My point is not etymological, however. I think that rather than obsessing about putting Christ back in the word Christmas, it would be a better idea to put Christ back into Christianity itself. By that I mean those who claim to be Christians should act in ways that reflect the teachings of Jesus, for example to follow the universal message from the Sermon on the Mount, “Treat others as you would have them treat you.” The rest of the Sermon lays out some specifics: blessed are the meek, the merciful, the pure in heart, they that mourn, and so on.

Although I am not a Christian, I don’t want to appear to be criticizing Christians in general because many are kind people who strive to live in a way that reflects the message of Jesus. Rather, I am calling out the Pseudo-Christians, the hypocrites and grifters who intentionally do harm to others while hiding their actions under a whitewash of upstanding morality based on their faith. In “The Devil’s Dictionary,” that old rascal and cynic Ambrose Bierce defined this sort of Christian as “One who follows the teachings of Christ in so far as they are not inconsistent with a life of sin.”

News stories abound about these Pseudo-Christians. Several recent accounts have been about people using their Christian belief as a reason to discriminate against gays and lesbians—the bakers who refused to make them wedding cakes and the court clerks who denied marriage licenses to them. When I hear people citing the Bible in support of their opposition to gay rights, I’m reminded that the same twisted thinking was used a century and a half ago to justify slavery. Jefferson Davis was a devout Episcopalian as was Leonidas Polk (for whom Fort Polk was named) who was not only a a bishop in the church but a famous Confederate general as well.

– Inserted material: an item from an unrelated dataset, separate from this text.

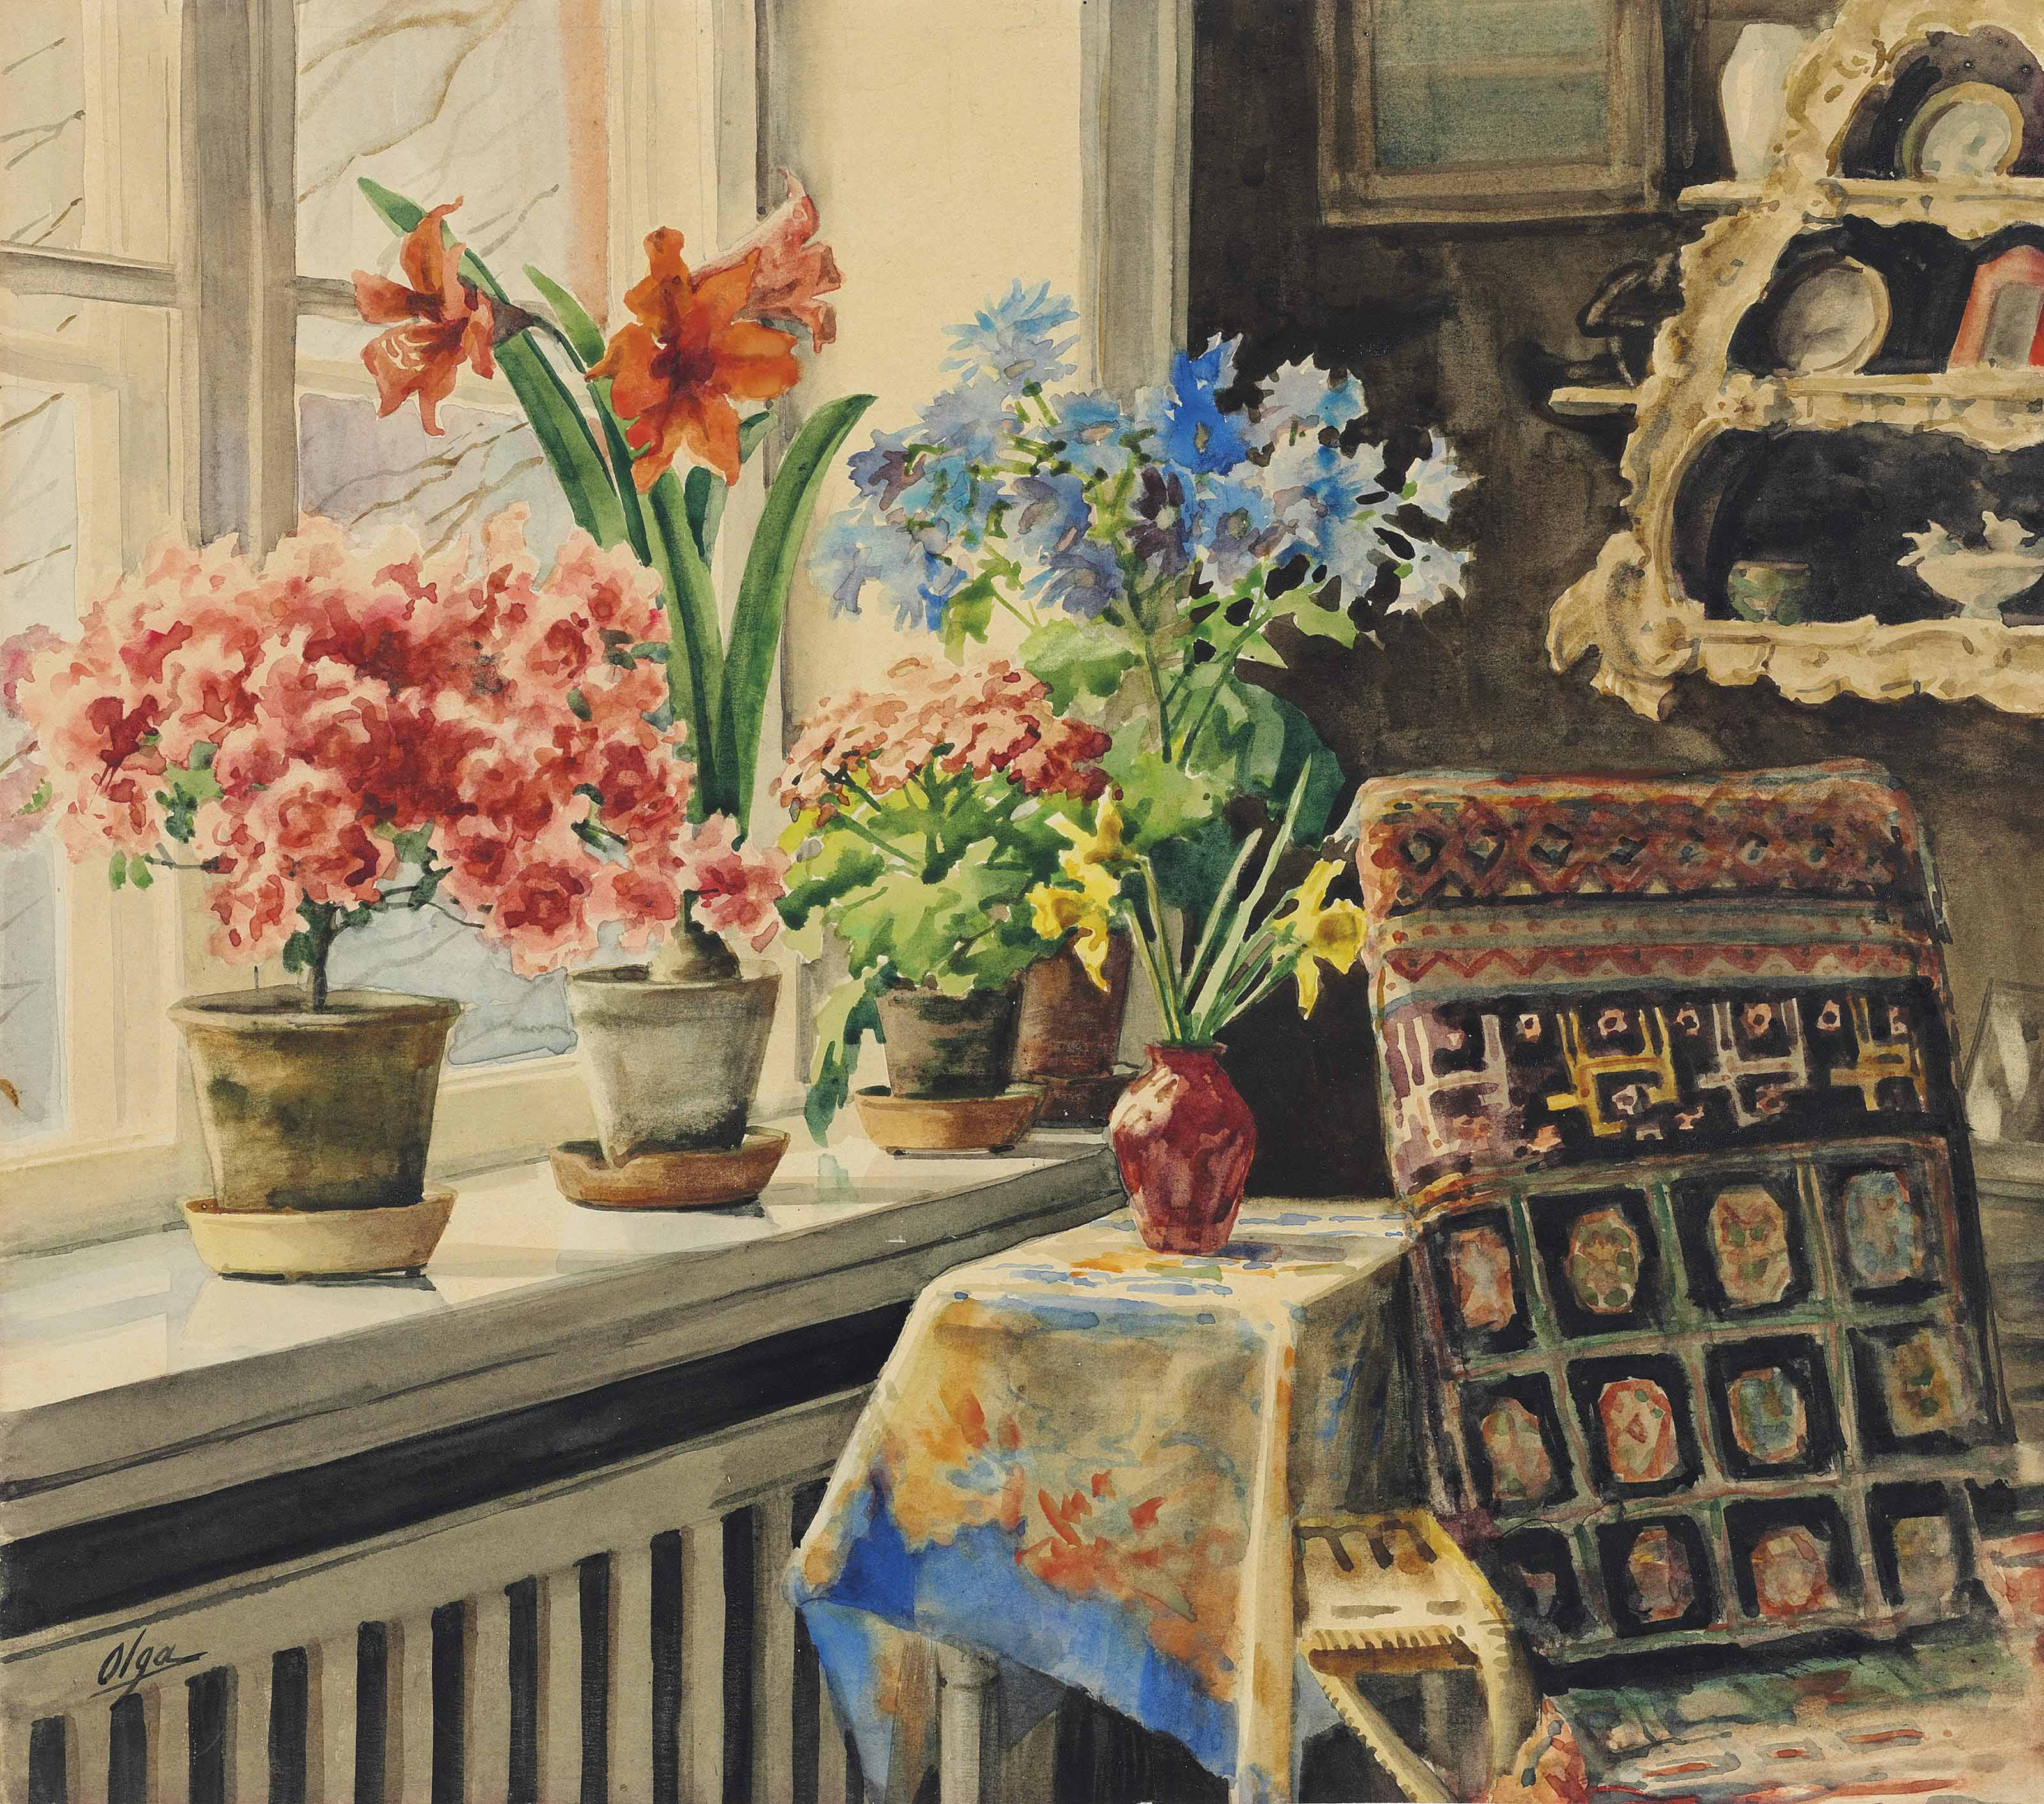 Still life with azaleas, amaryllis, geraniums, cornflowers and daffodils

A similar sort of oily hypocrisy is especially common among some current politicians and religious leaders, particularly so-call “conservatives.” Anyone who reads newspapers regularly is familiar with their bloviating and grandstanding. A perennial example of this sort of showboating is the sorry group of politicians and their ecclesiastical allies who want to put the Ten Commandments in court houses, state capitols, and other public places (ah, yes, Roy Moore of the Alabama Supreme Court). I like Kurt Vonnegut’s comment on this sort of religious demagoguery. In his collection of essays, “A Man without a Country,” he writes, “For some reason, the most vocal Christians among us never mention the Beatitudes. But often, with tears in their eyes, they demand that the Ten Commandments be posted in public buildings. And of course, that’s Moses, not Jesus. I haven’t heard one of them demand that the Sermon on the Mount, the Beatitudes, be posted anywhere. “Blessed are the merciful” in a courtroom? “Blessed are the peacemakers’ in the Pentagon? Give me a break!”

Christian hypocrites are an easy target, as are their ilk from other faiths. The bigger threat, however, comes from religious fanatics who know the Truth and whose absolutist tribalism causes them to harm others who have different religious identities. All religious sects produce fanatics like that: Muslim, Jewish, Hindu, and even Christian. Their evil alchemy transforms the Golden Rule into some kind of poison.